- [Your task]:
An exact reproduction of the listing is wanted, with the pictures dropped.

- [Source material]:
════════

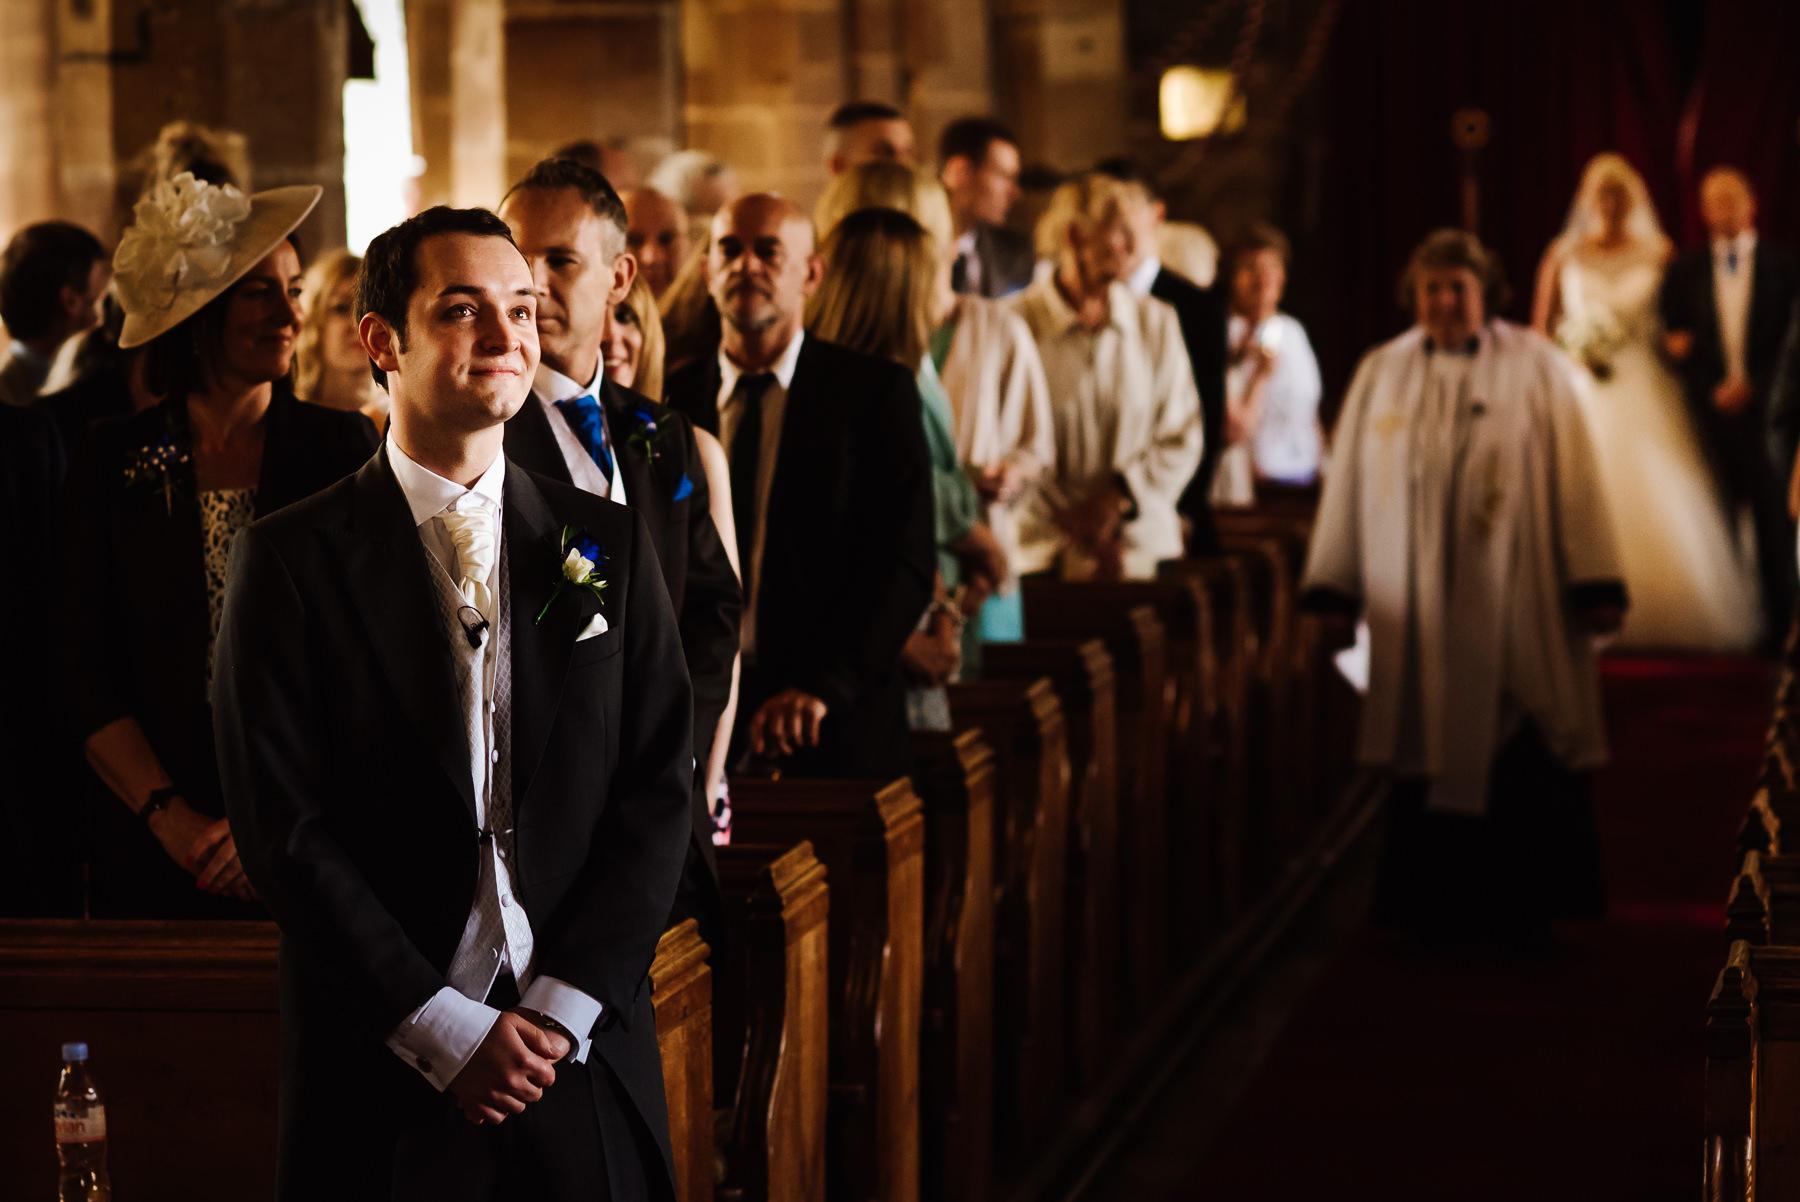 An anxious groom waits for his bride in the church
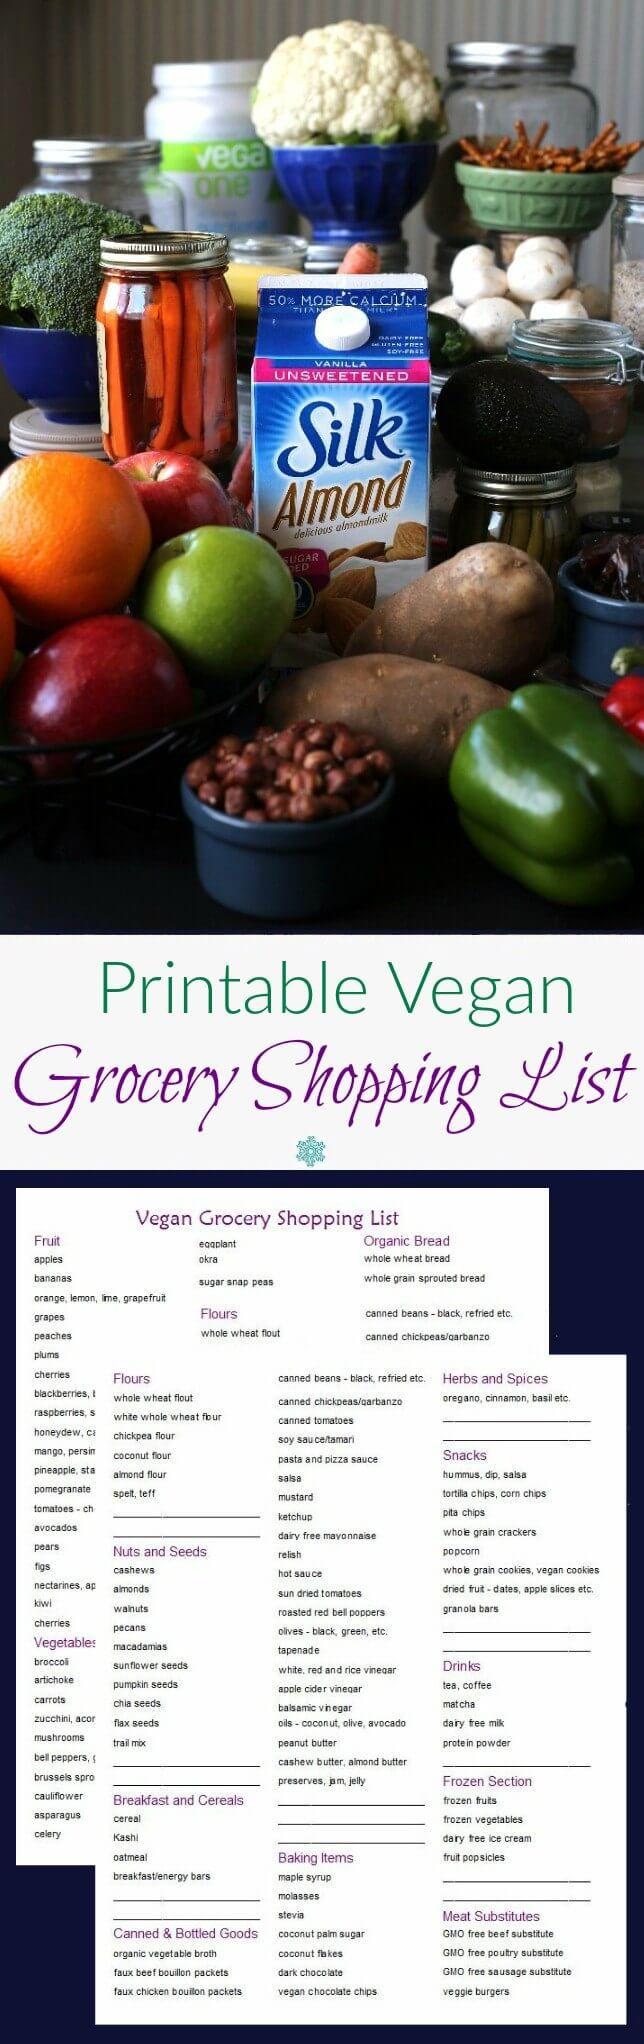 heart healthy shopping list pdf
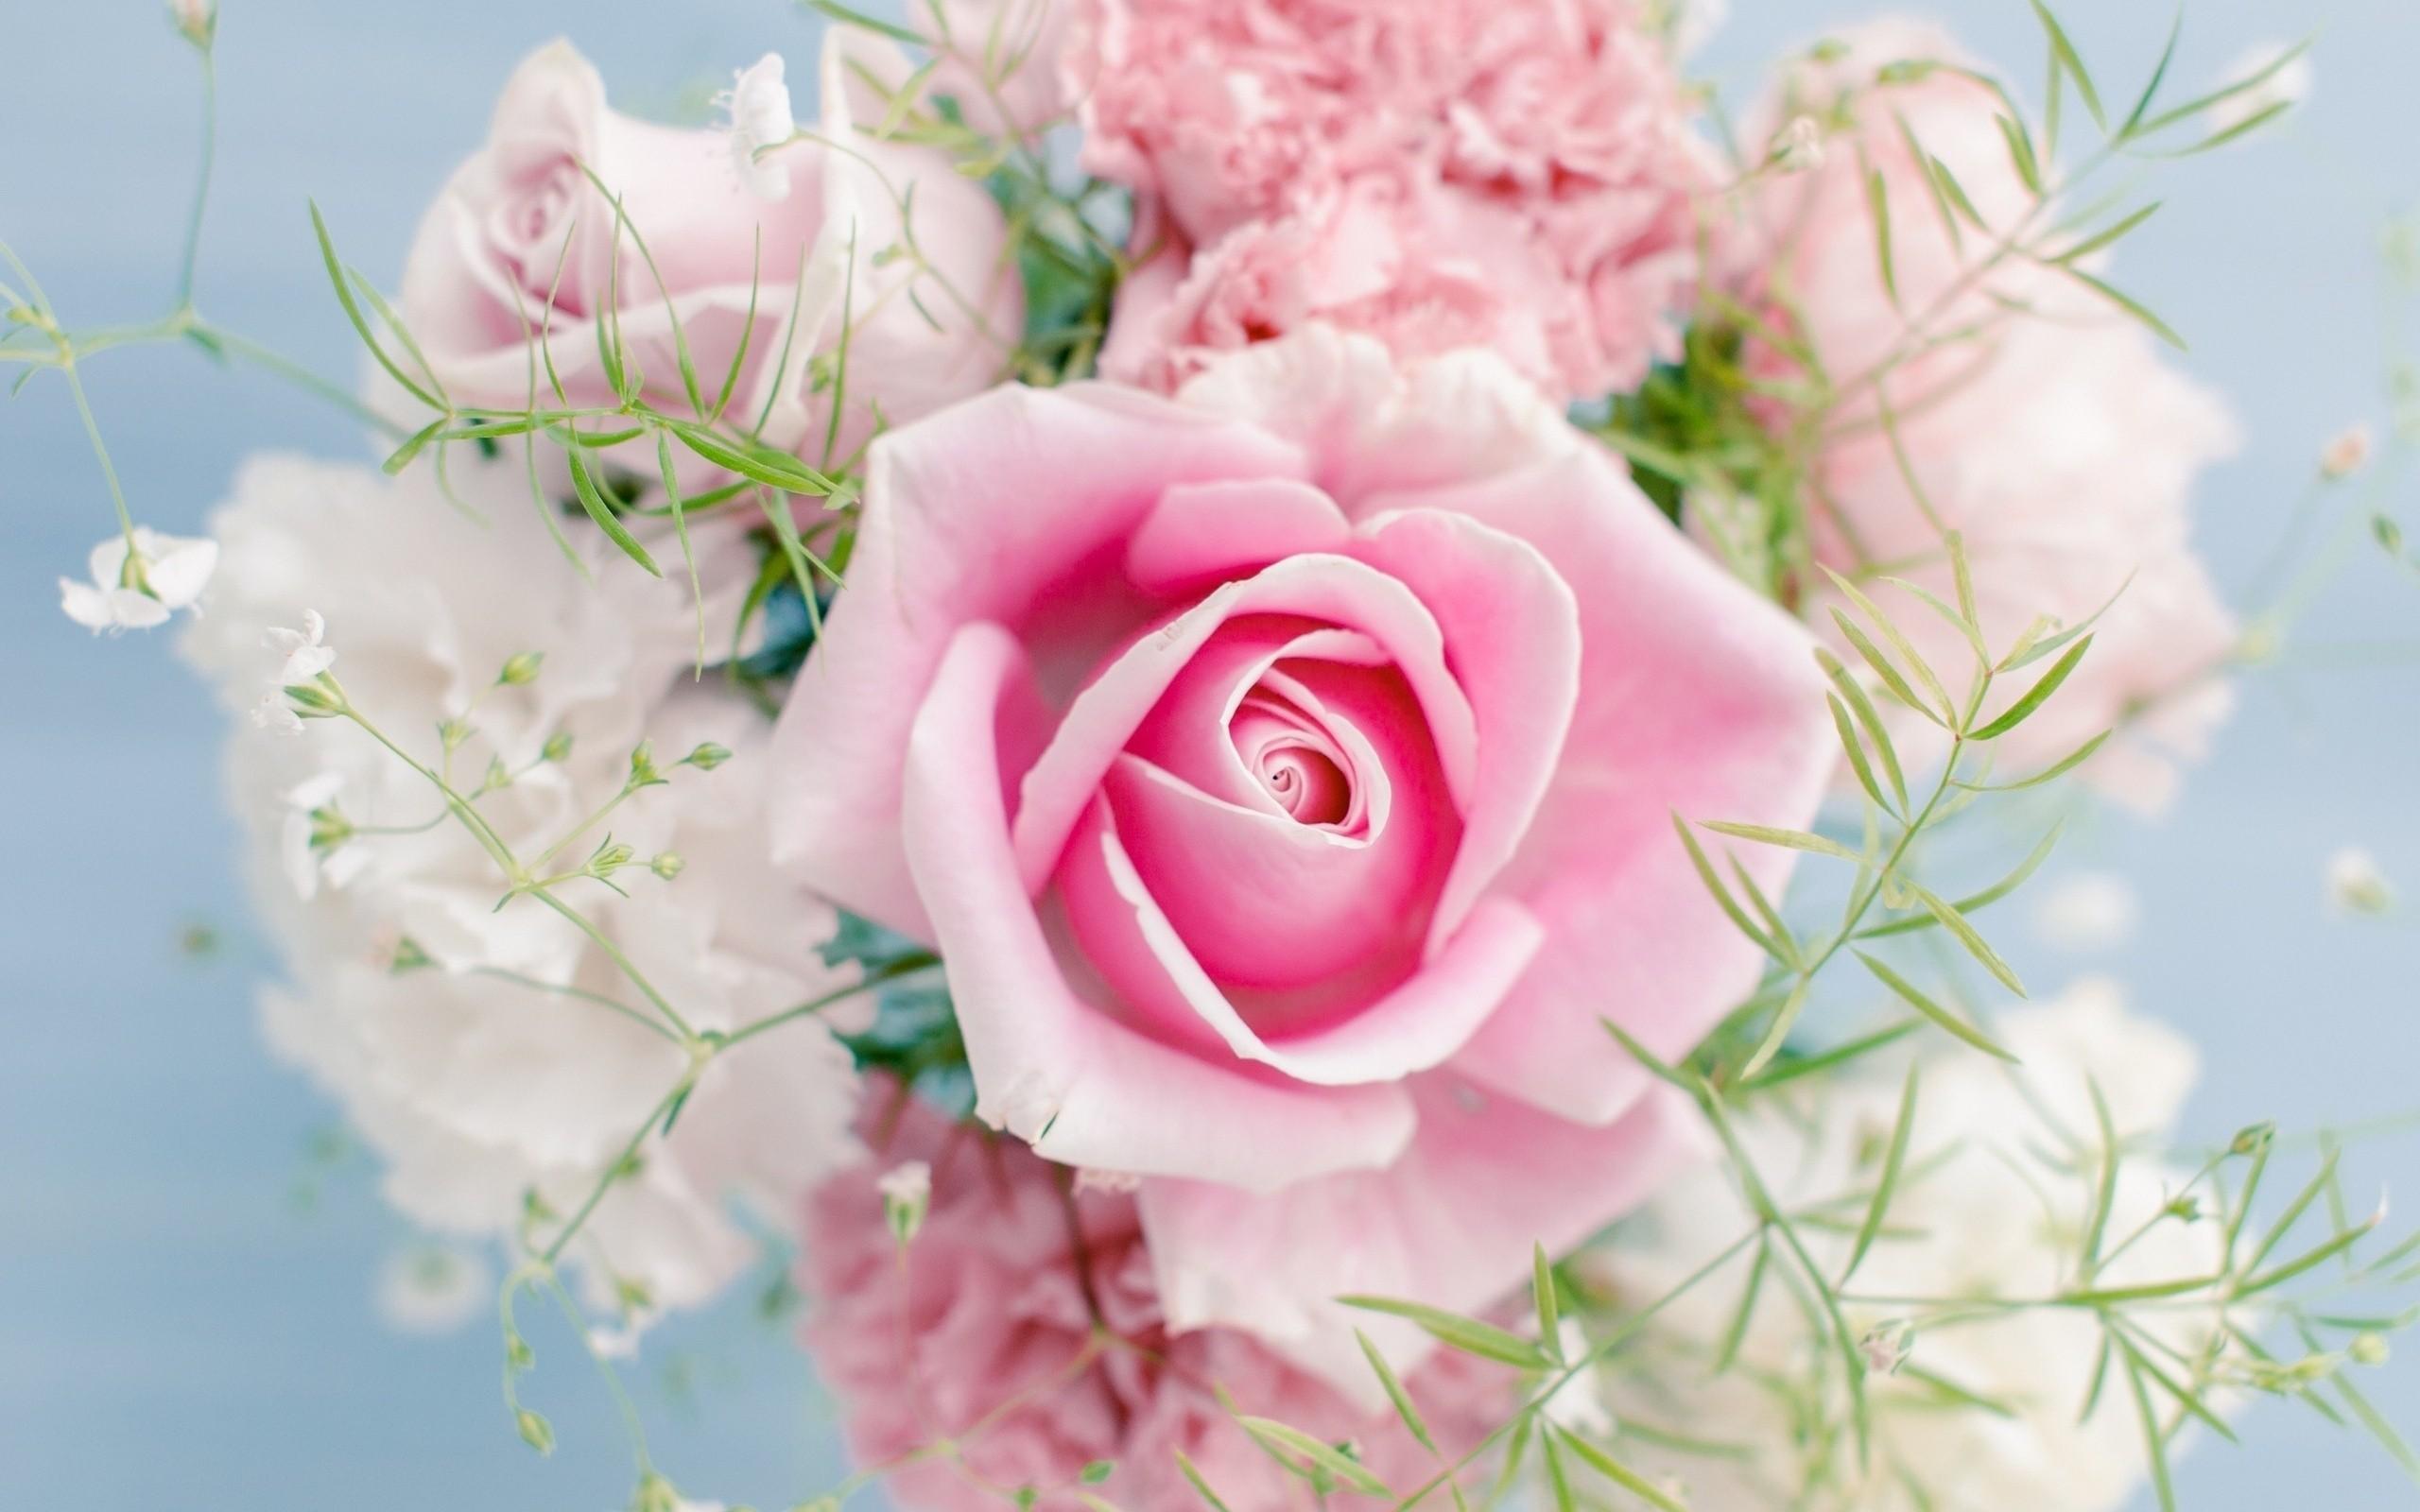 Fondos Flores ADNFriki (1)

════════

- [Solution below]:
 An anxious groom waits for his bride in the church
 heart healthy shopping list pdf
 Fondos Flores ADNFriki (1)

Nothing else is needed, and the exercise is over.